Pf2001 esterase (Pf2001) from Pyrococcus furiosus has hyperthermophilic properties and exerts a biocatalytic function in a dimeric state. Crystal structures revealed that the structural rearrangement of the cap domain is responsible for the Pf2001 dimer formation. However, the details of the cap domain remodeling and the effects of temperature on the dimerization process remain elusive at the molecular level, taking into account that experimental methods are difficult to capture the dynamic process of dimerization to some extent. Herein, four dimer models based on the monomeric crystal structure (PDB ID: 5G59) were constructed to investigate the conformational transition details and temperature effects in the dimerization by conventional molecular dynamics and accelerated molecular dynamics simulations. Our simulation results indicate that the monomer undergoes a conformational change into a "preparatory state" at high temperatures, which is more favorable for its transformation into a stable dimer. The subsequent free energy landscape analysis further identifies four intermediate states (from separated state to dimeric state) and discloses that a more accessible α-helix driven by stronger hydrophobic interactions induces a rearrangement of the cap domain, displaying a "tic-tac-toe" activation feature that is important for stabilizing the dimer interface and facilitating the formation of hydrophobic pockets.

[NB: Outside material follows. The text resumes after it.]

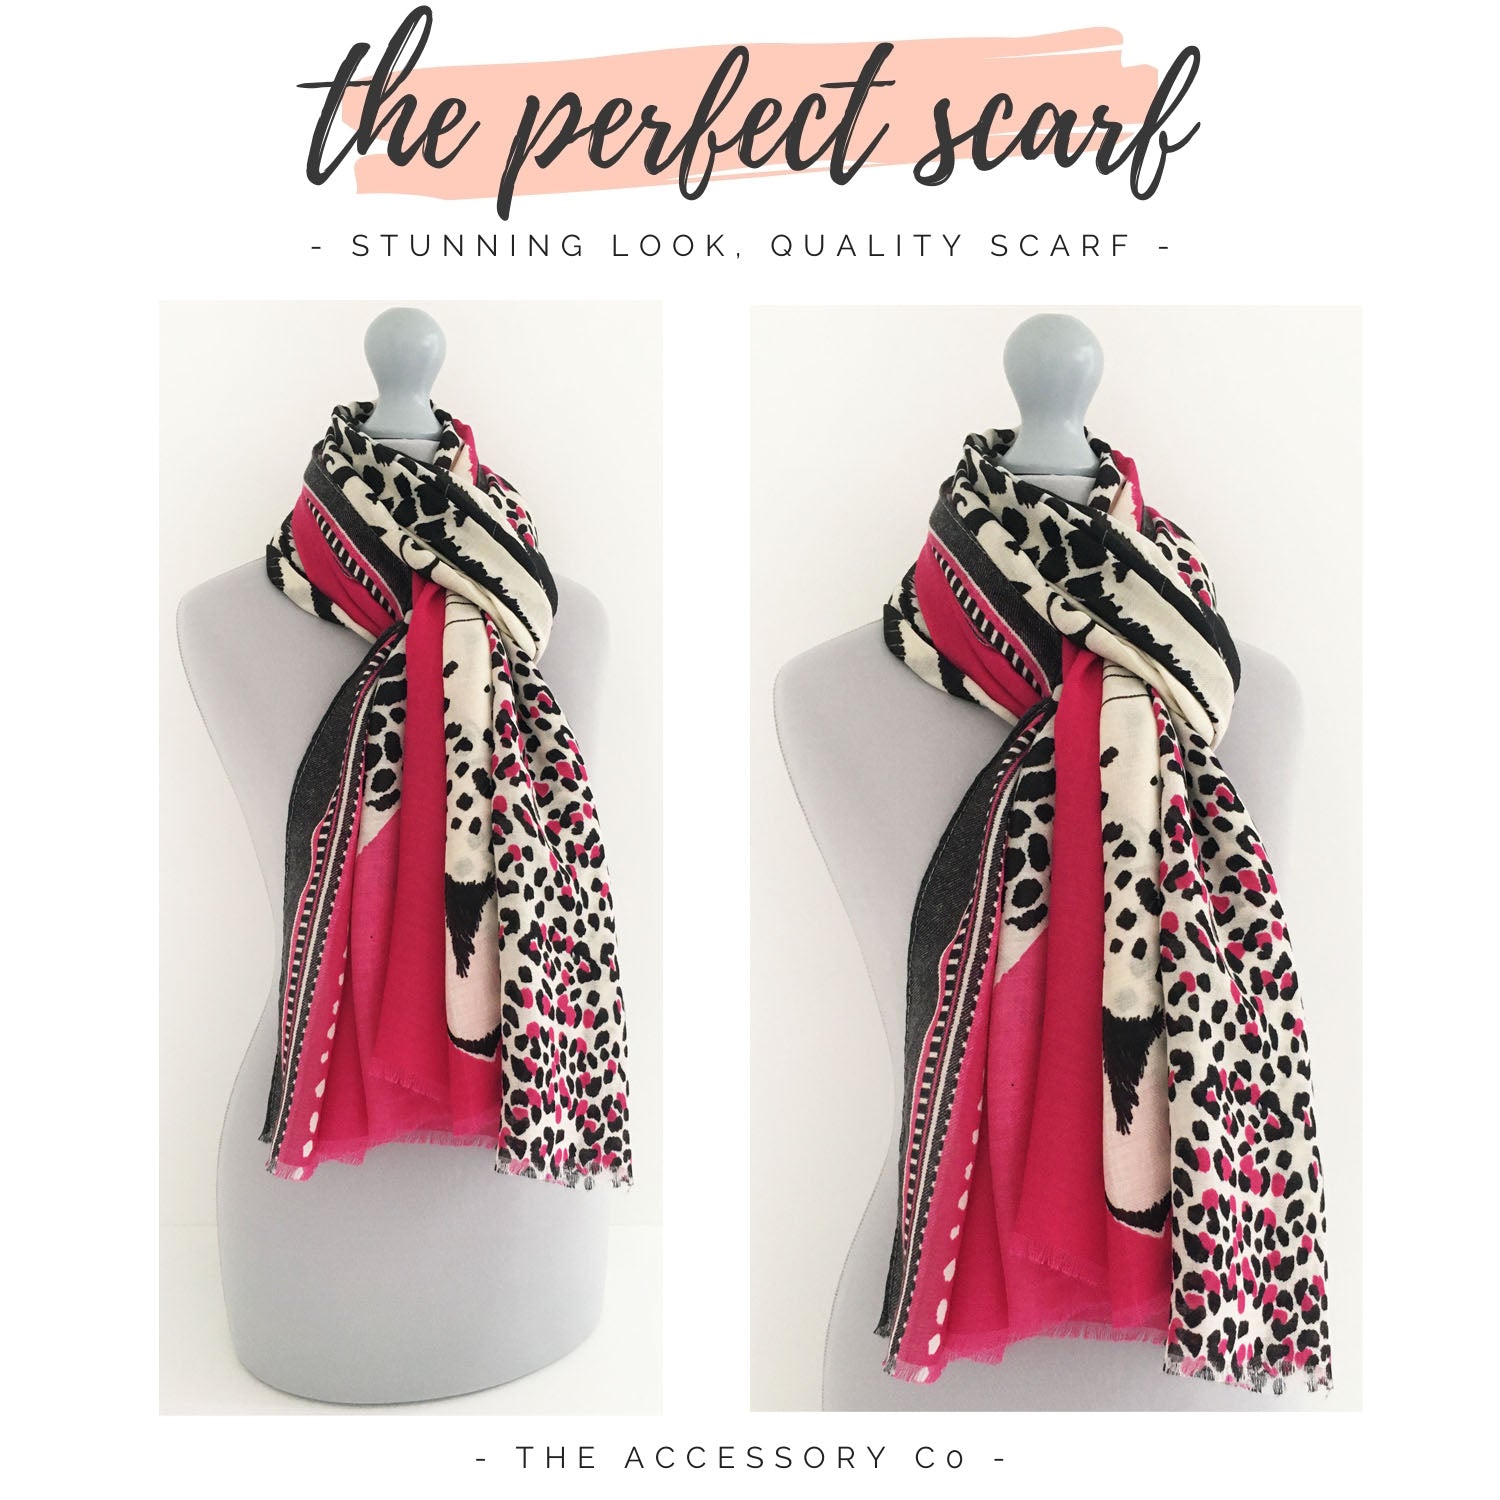 LARGE FUSCHIA PINK COTTON MIX TIGER AND LEOPARD PRINT SHAWL SCARF

In addition, the electrostatic potential surface analysis illustrates that the weaker electrostatic repulsion (Lys and Arg) in the dimer interface at high temperatures is also a key factor for dimer stabilization. Altogether, our results can provide molecular-level insight into the dimer formation process of hyperthermophilic esterase and would be useful to understand the enzymatic specificity of α/β-hydrolase.